- **Task item**
Pictures excluded, reproduce exactly the lines below from the one with "Chanel 22 Mini" through the one with "Miniature bottles of", both included.

- **Dataset excerpts**
※

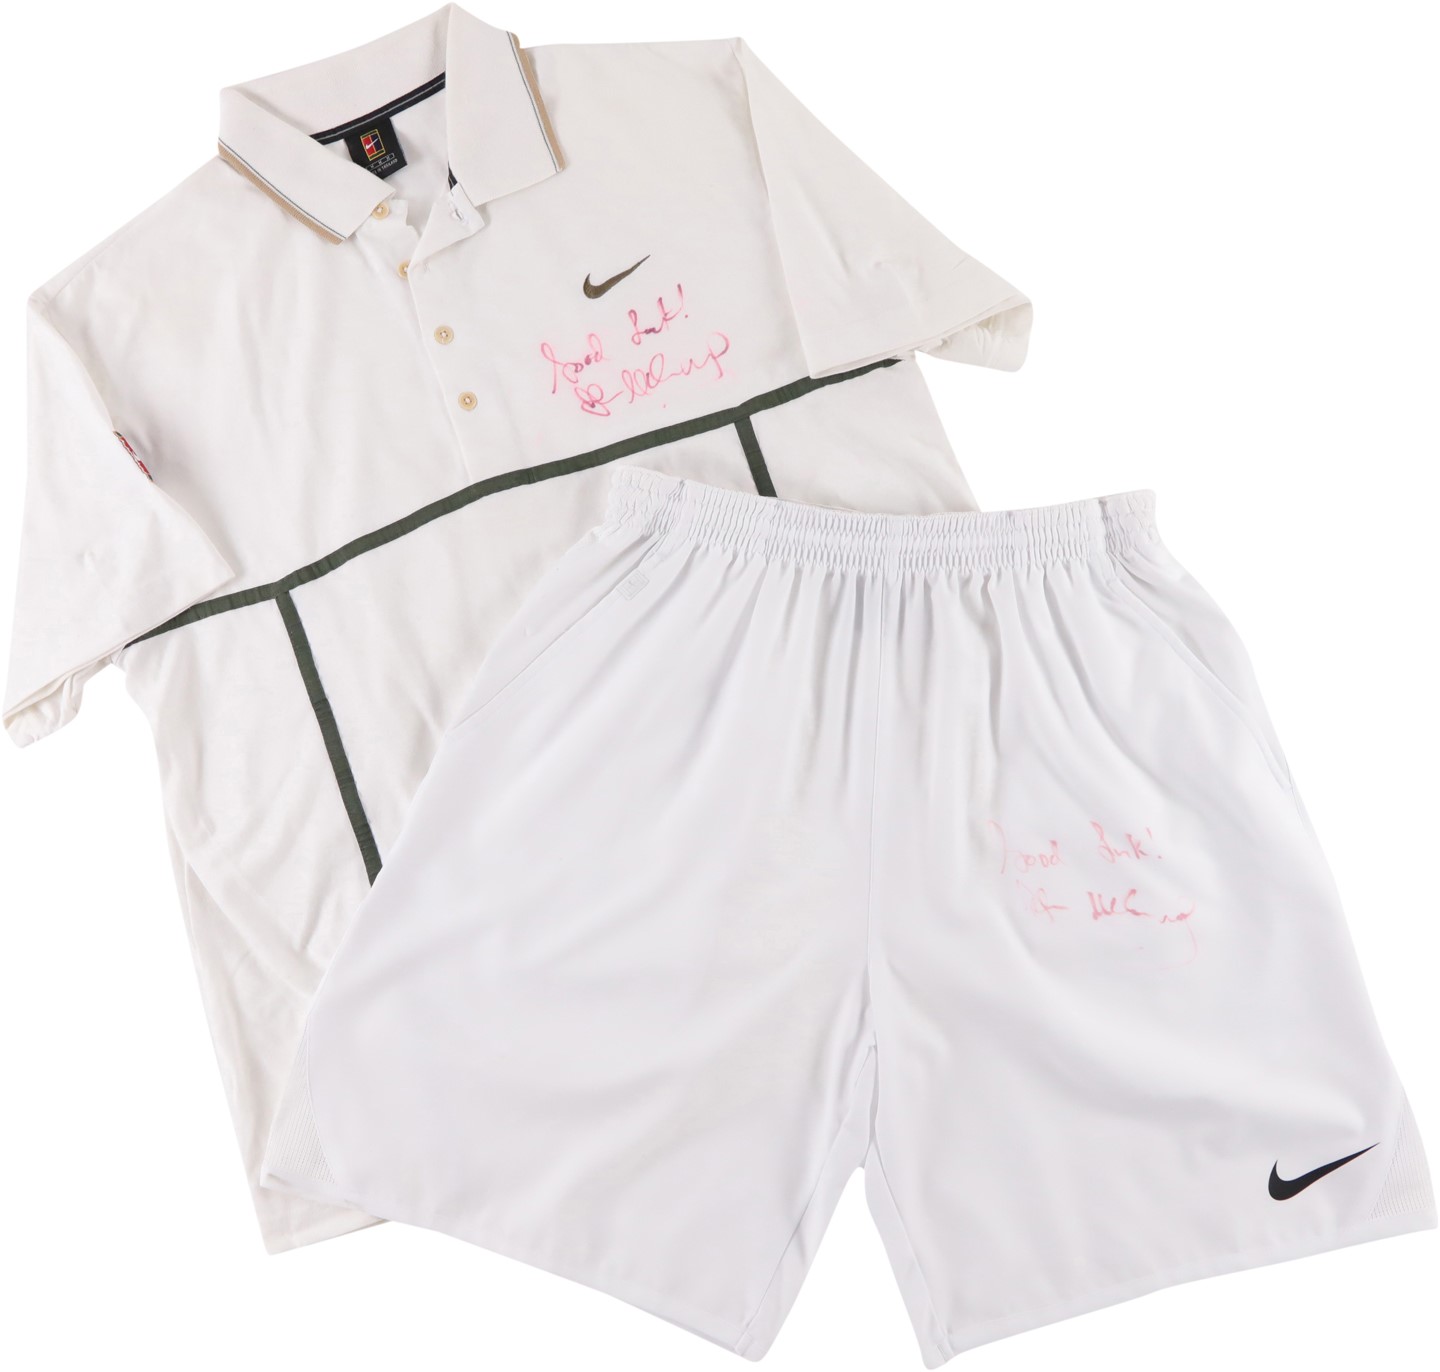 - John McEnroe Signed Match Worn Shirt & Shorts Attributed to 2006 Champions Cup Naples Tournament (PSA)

※

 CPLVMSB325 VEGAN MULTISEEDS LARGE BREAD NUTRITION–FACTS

※

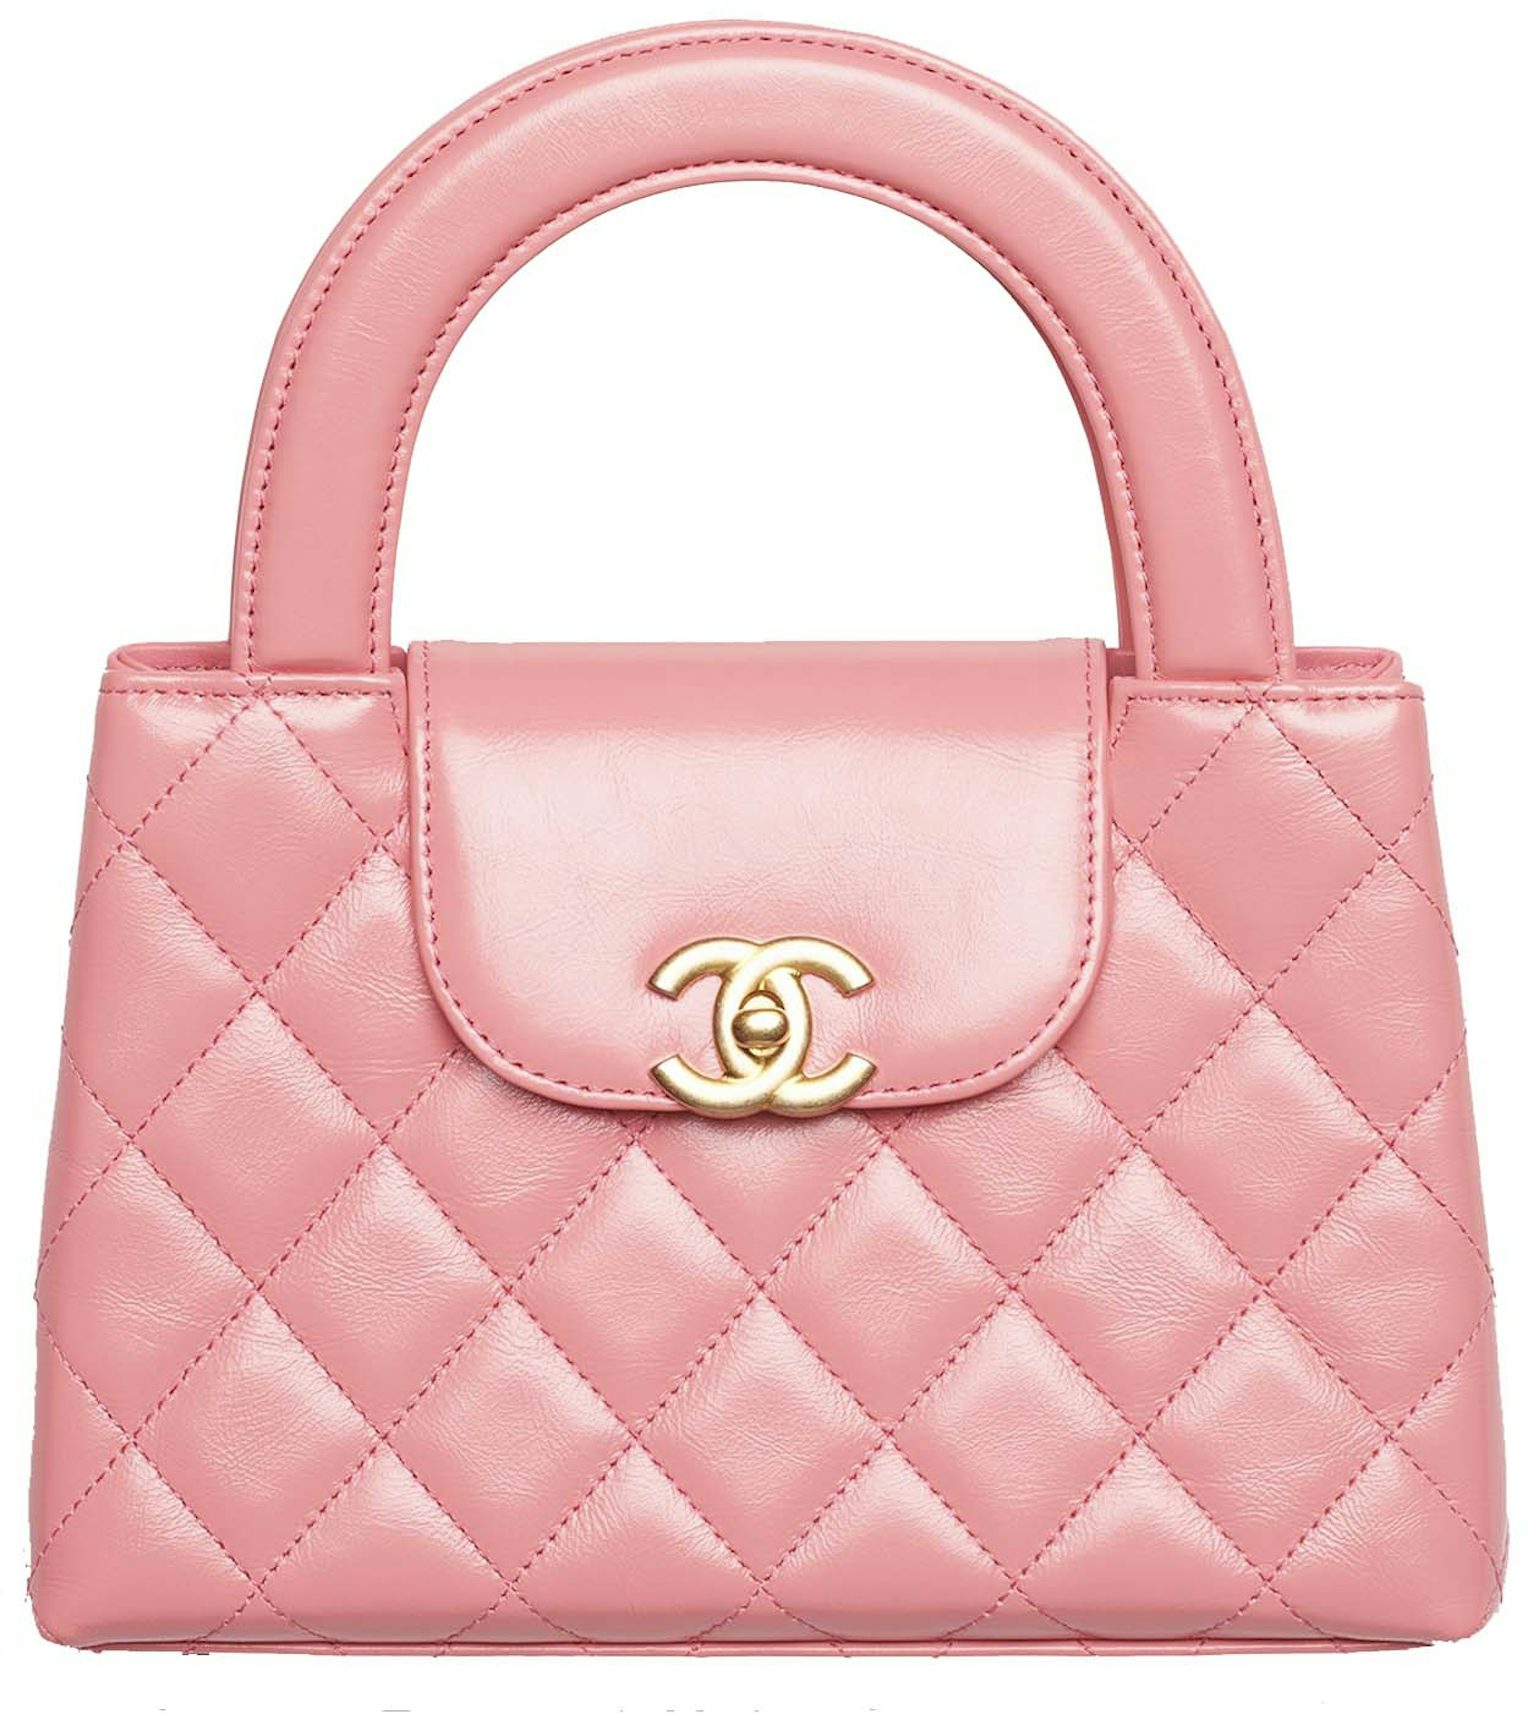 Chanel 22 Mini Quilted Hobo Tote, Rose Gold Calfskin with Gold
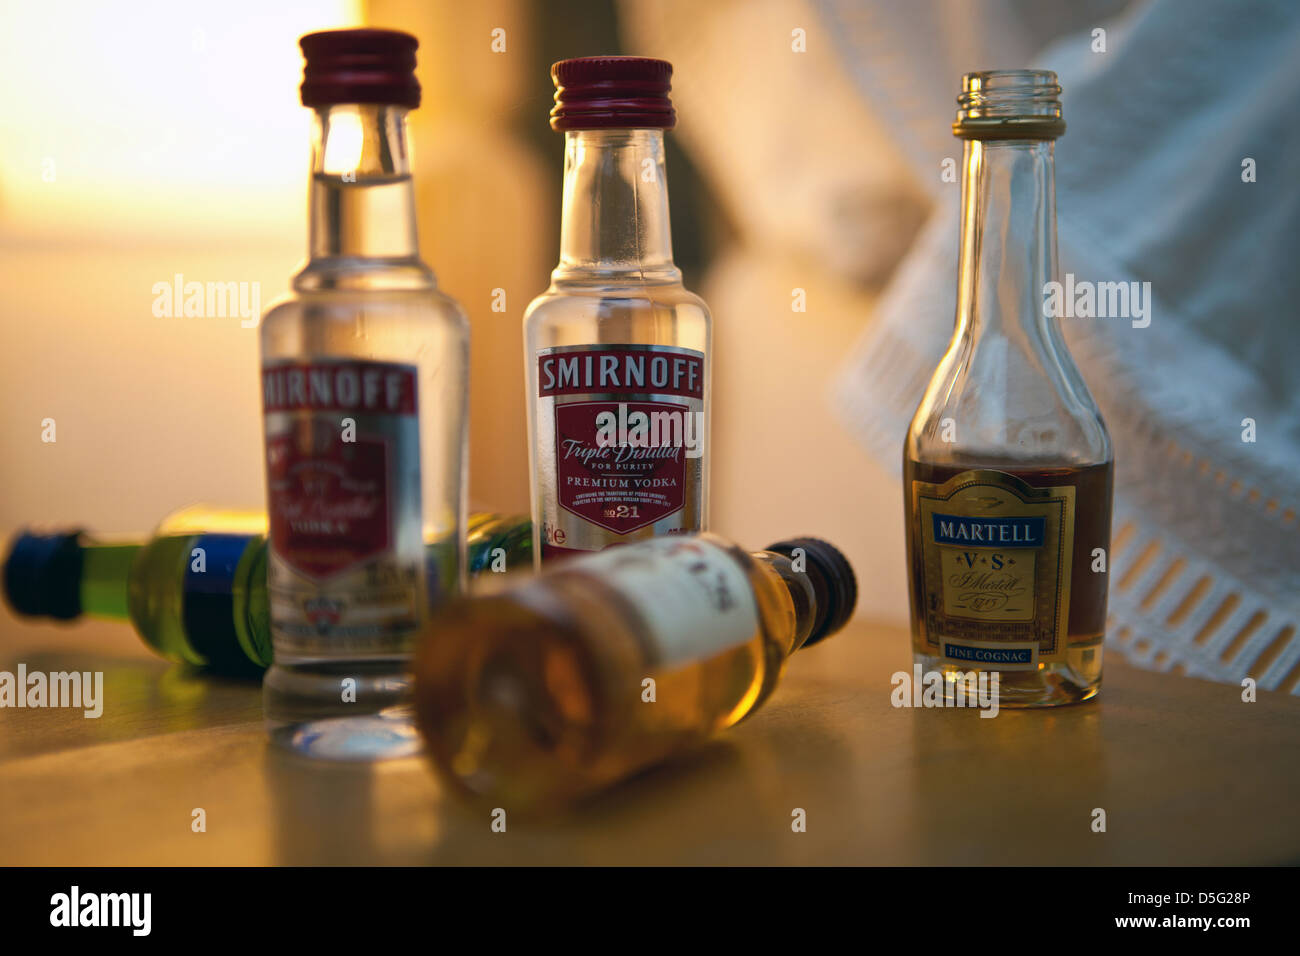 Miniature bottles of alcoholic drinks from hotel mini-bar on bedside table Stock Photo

※

- **Response box**
 Chanel 22 Mini Quilted Hobo Tote, Rose Gold Calfskin with Gold
 Miniature bottles of alcoholic drinks from hotel mini-bar on bedside table Stock Photo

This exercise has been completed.